The iconic dancer T. Balasaraswati said of the Bharatanatyam repertoire:
"The Bharatanatyam recital is structured like a great temple: we enter through the gopuram (outer hall) of alarippu, cross the ardhamandapam (half-way hall) of jatiswaram, then the mandapa (great hall) of sabdam, and enter the holy precinct of the deity in the varnam. This is the place, the space, which gives the dancer expansive scope to revel in the rhythm, moods and music of the dance. The varnam is the continuum which gives ever-expanding room to the dancer to delight in her self-fulfilment, by providing the fullest scope to her own creativity as well as to the tradition of the art.

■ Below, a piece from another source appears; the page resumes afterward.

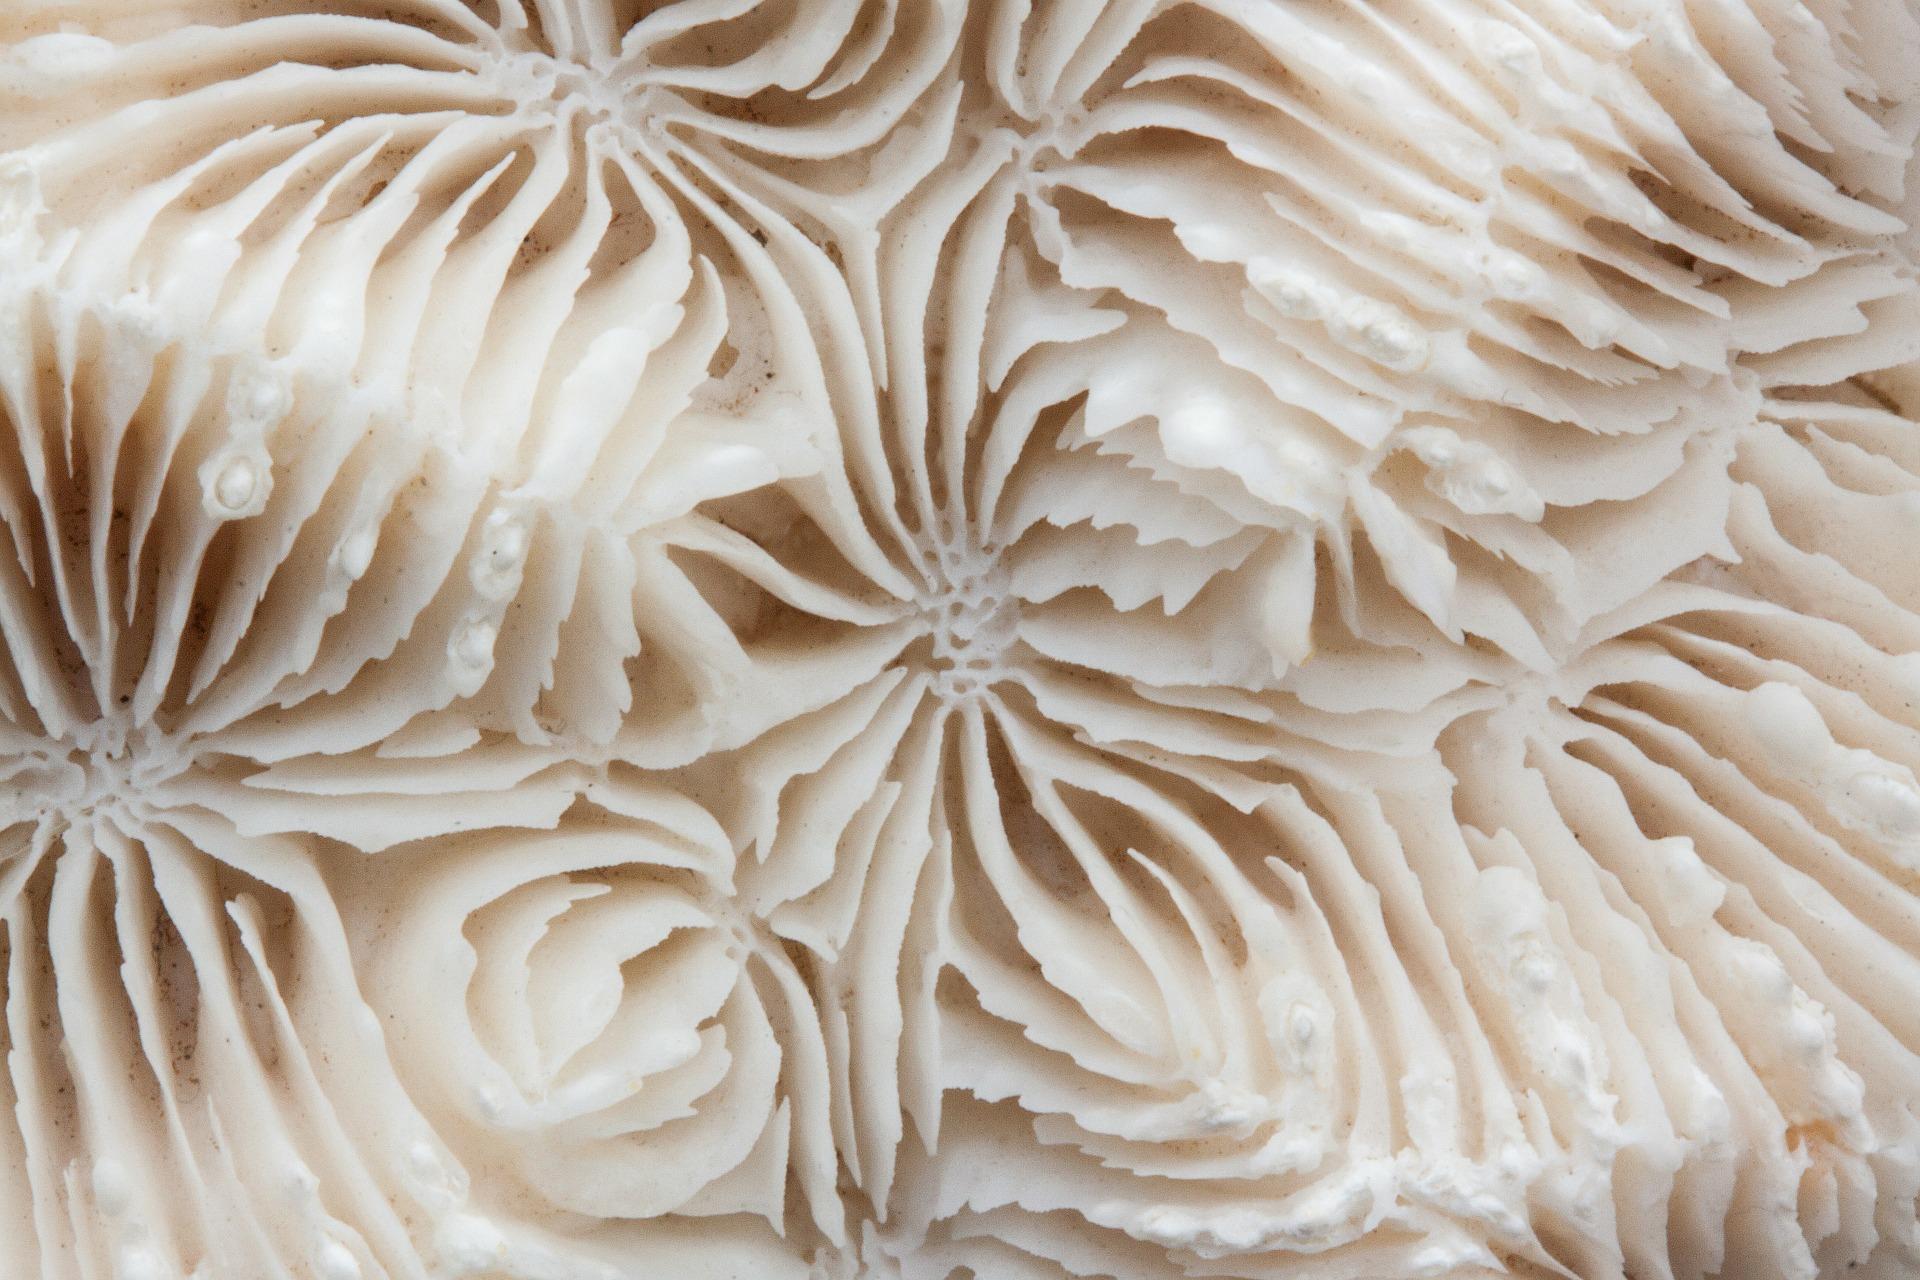 brain-coral-stux.jpg

The padams now follow. In dancing to the padams, one experiences the containment, cool and quiet, of entering the sanctum from its external precinct. The expanse and brilliance of the outer corridors disappear in the dark inner sanctum; and the rhythmic virtuosities of the varnam yield to the soul-stirring music and abhinaya of the padam. Dancing to the padam is akin to the juncture when the cascading lights of worship are withdrawn and the drum beats die down to the simple and solemn chanting of sacred verses in the closeness of God. Then, the tillana breaks into movement like the final burning of camphor accompanied by a measure of din and bustle. In conclusion, the devotee takes to his heart the god he has so far glorified outside; and the dancer completes the traditional order by dancing to a simple devotional verse."

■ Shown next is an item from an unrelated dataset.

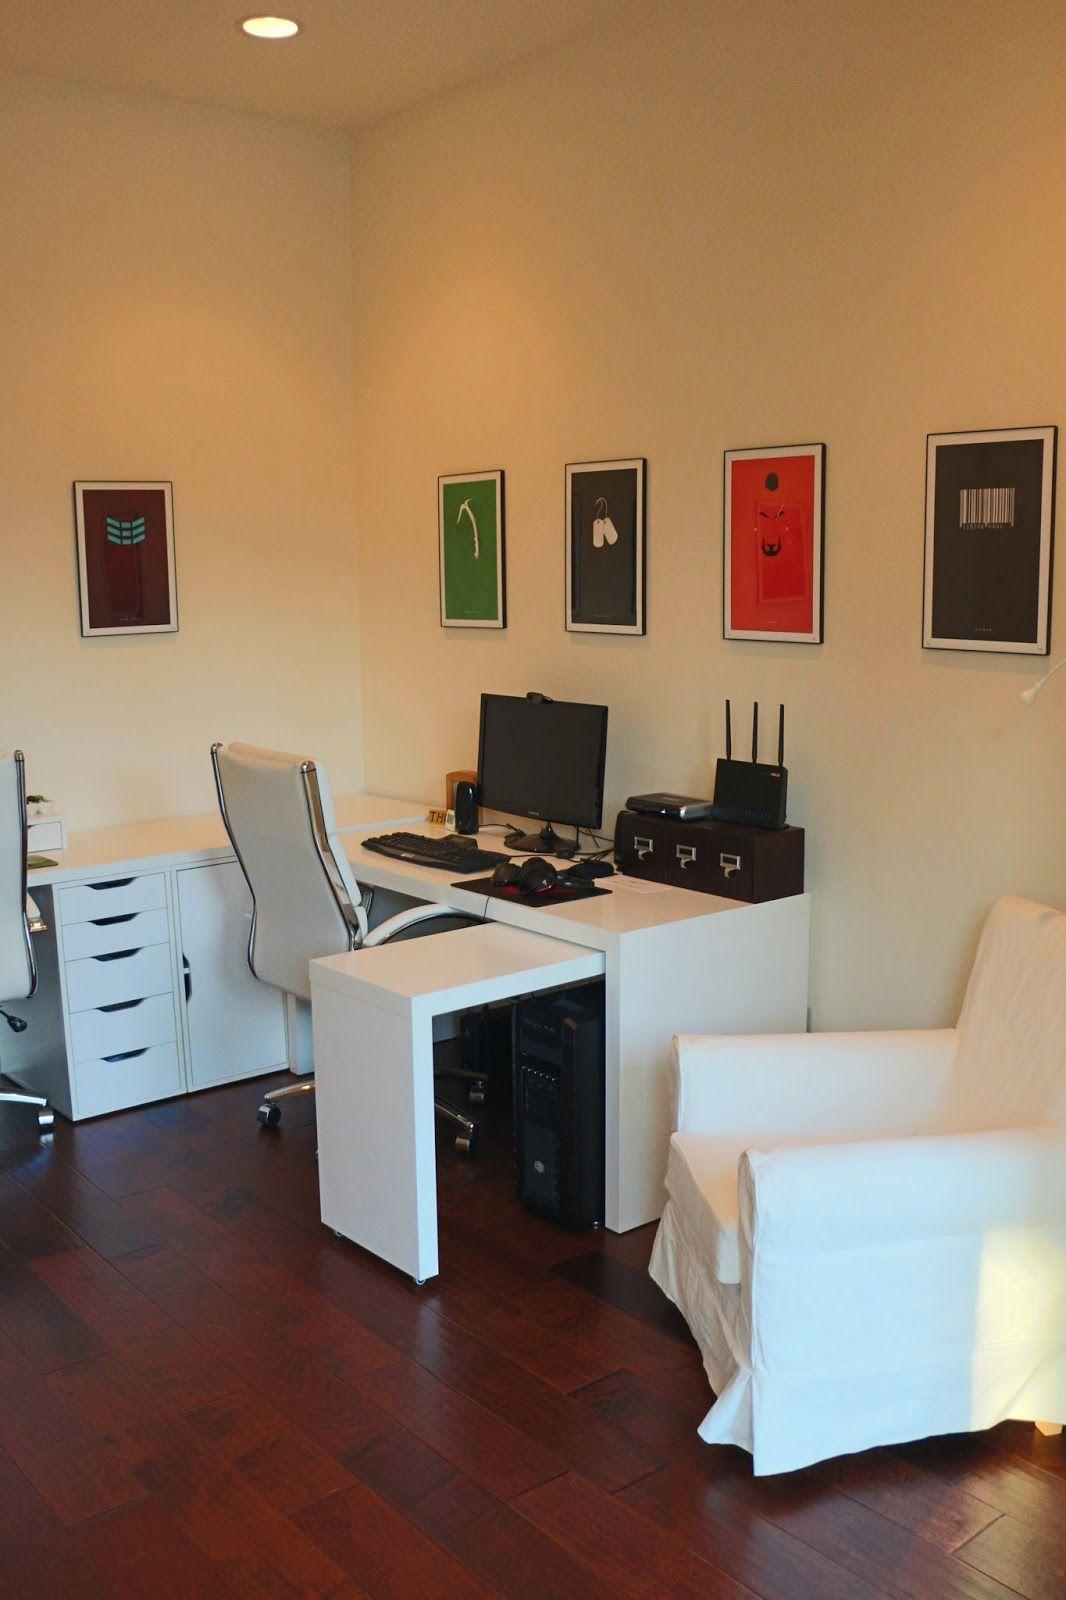 White Ikea Malm Desk Jennylund Chair Video Minimalist Prints

In a full-length performance, the Odissi repertoire is arranged similarly. The introductory invocation is a mental and physical starting point for the dancer, allowing her to enter and inhabit the dance. The next piece is either sthayee or pallavi, both ecstatic pure dance pieces that push the dancer to her limits in finding the most perfect expression of form. The abhinaya that follows is most often based on Oriya poetry or Sanskrit ashtapadis, though poetry in other languages is also commonplace. Towards the end of a recital, there is space for yet another kind of invocation in the stutis, compositions that combine nritta (pure dance) and abhinaya to describe a deity or narrate a series of episodes from the life of a mythological figure. An Odissi recital usually ends with moksha. Movements and poses merge here to create ever-changing patterns and designs in space and time. Moksha symbolises the oneness of the dancer and the dance.
A curated, expansive journey through the Odissi repertoire from the Odissi archive on Pad.ma.
Sanjukta Panigrahi performs a mangalacharan dedicated to Devi. The composition is sung by Raghunath Panigrahi, while Kelucharan Mohapatra plays the mardala.
In another instance, Durga Charan Ranbir uses the mangalacharan to invoke Kali. Representing the Deba Prasad Das gharana of Odissi, Ranbir performed this piece at the opening of the 2003 International Odissi Festival in Washington DC.
Douglas Ridings performs a mangalacharan that combines yoga asanas with the opening verse of Pankaj Charan Das' Panchakanya, describing the magnificence of Shiva.
A mangalacharan usually incorporates the following elements - bhumi pranam, or a salutation to the earth, an homage to Jagannath, often considered the presiding deity of Odissi, a sloka describing and/or simultaneously eulogising a mythological figure and the sabha pranam, where the dancer acknowledges the audience, finally offering her salutations to the divine realm, the guru and the audience in the trikhandi pranam. Technically, the sloka in the mangalacharan could be in praise of a mythic or non-mythic figure, but the most popular and prevalent choreographies often focus on a deity.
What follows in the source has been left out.